The story of the golf ball

Ivan Morris

Wilson Duo

How many of us have considered with any degree of depth the playing properties and evolution of the humble golf ball? From the earliest days of the romantic feathery right up to the space age-engineered projectiles of the 21st century, the story of the golf ball is the story of golf. Golf balls have improved enormously over the last 40-years but since scientists discovered that the key to playing good golf was achieving an ‘optimum ball spin rate’ (only 20-years ago), the improvement has been turbo-boosted to the extent that choosing the ‘correct’ ball has become as important as choosing the ideal golf clubs.

There are basically two types of balls, soft ones for control and hard ones for distance. If your tendency is to slice or hook; you need a low-spin ball that you can control. If you hit the ball reasonably straight but short, you need a hard, distance ball to get you further down the fairway. Soft balls provide better results around the green but ‘lose’ distance off the tee. Harder balls fly further but make ‘touch shots’ more difficult. As a general rule, low handicappers have a bigger need for more touch. They should play a soft ball. High handicappers need more distance; they should play a hard ball.

When spin-rates drop too much balls cannot sustain the lift to maintain carry and distance. If there is too much spin, the ball won’t fly straight. The only way to find out what spin rate you apply when striking a golf ball is to subject yourself to a computerized launch monitor or Trackman test with a golf professional. The result will be so informative that it will help you to select the brand and type of golf ball and golf clubs that will assist you to play to your optimum potential more often. Ask your friendly golf pro about it.

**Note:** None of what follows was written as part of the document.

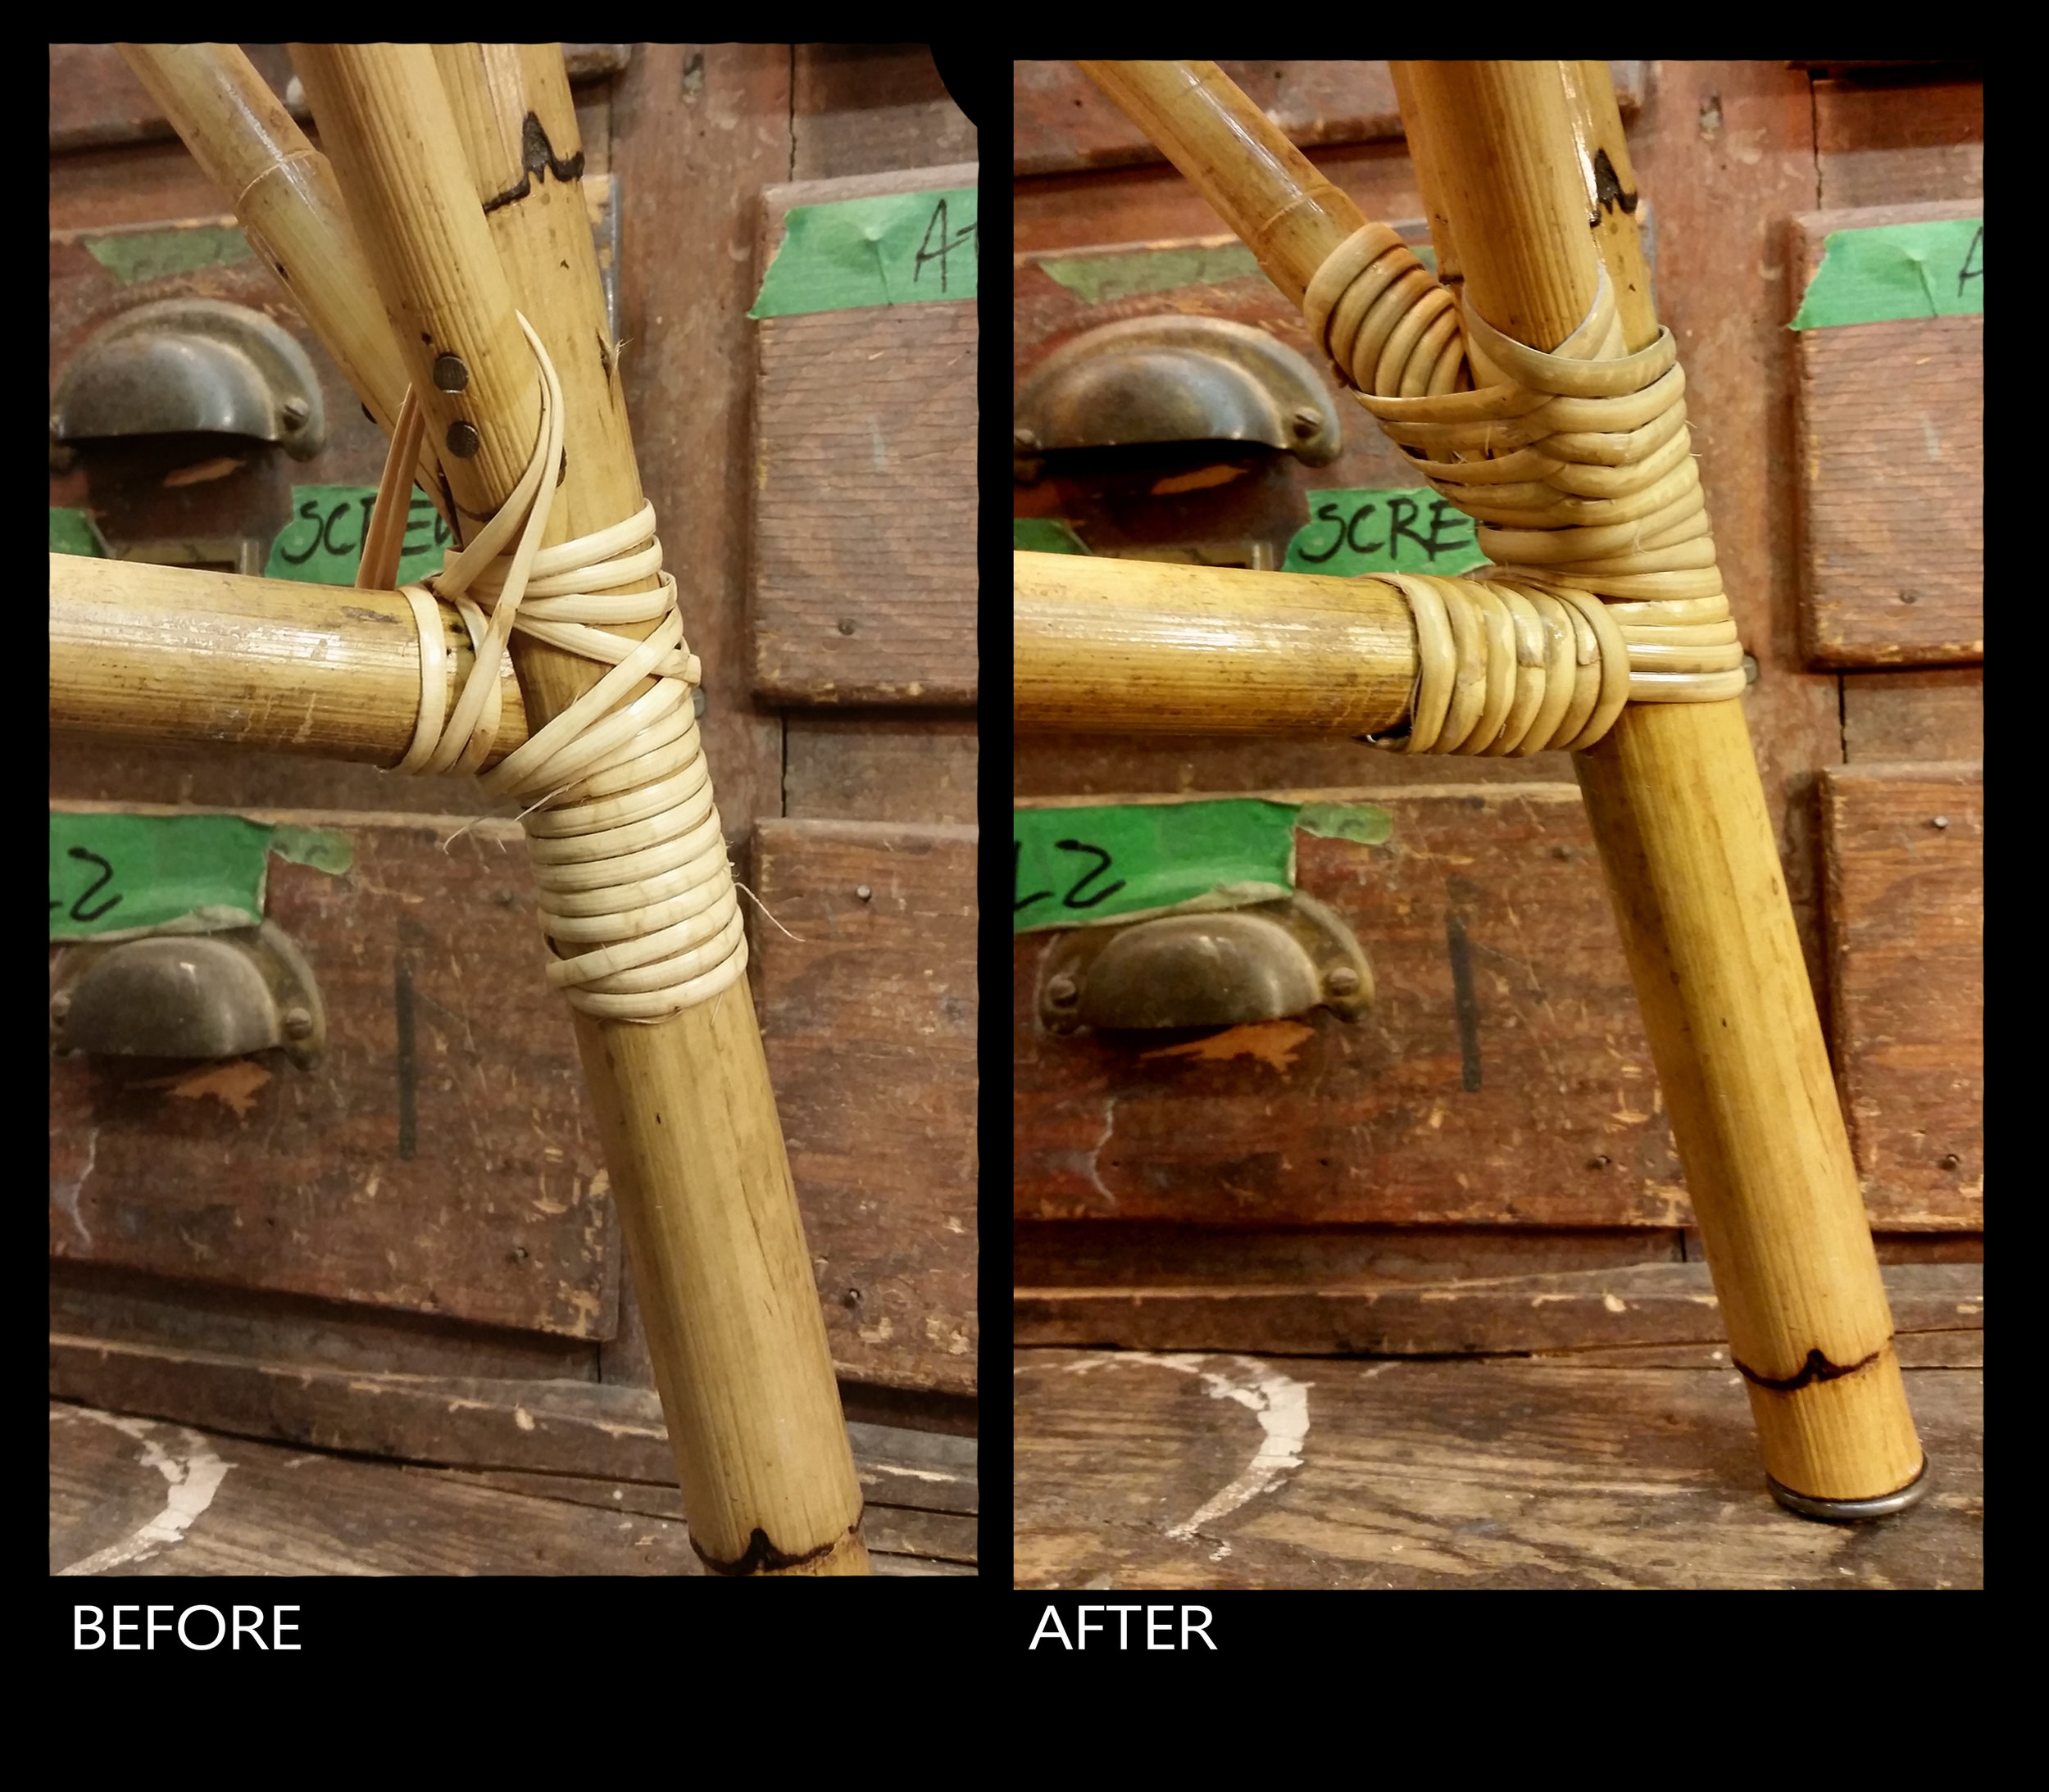 Woven binding cane on bamboo

For four hundred years, golf was a small, regional game confined to the East Coast of Scotland. The primary reason was because there were not enough golf balls for the game to spread very far. The earliest golf balls were extremely expensive to manufacture, and the unique craftsmanship required was not something that could be easily passed on. Boiling ‘a top hat full of goose feathers’ and stuffing them into a stitched-up piece of pigskin was not an attractive way to earn a living.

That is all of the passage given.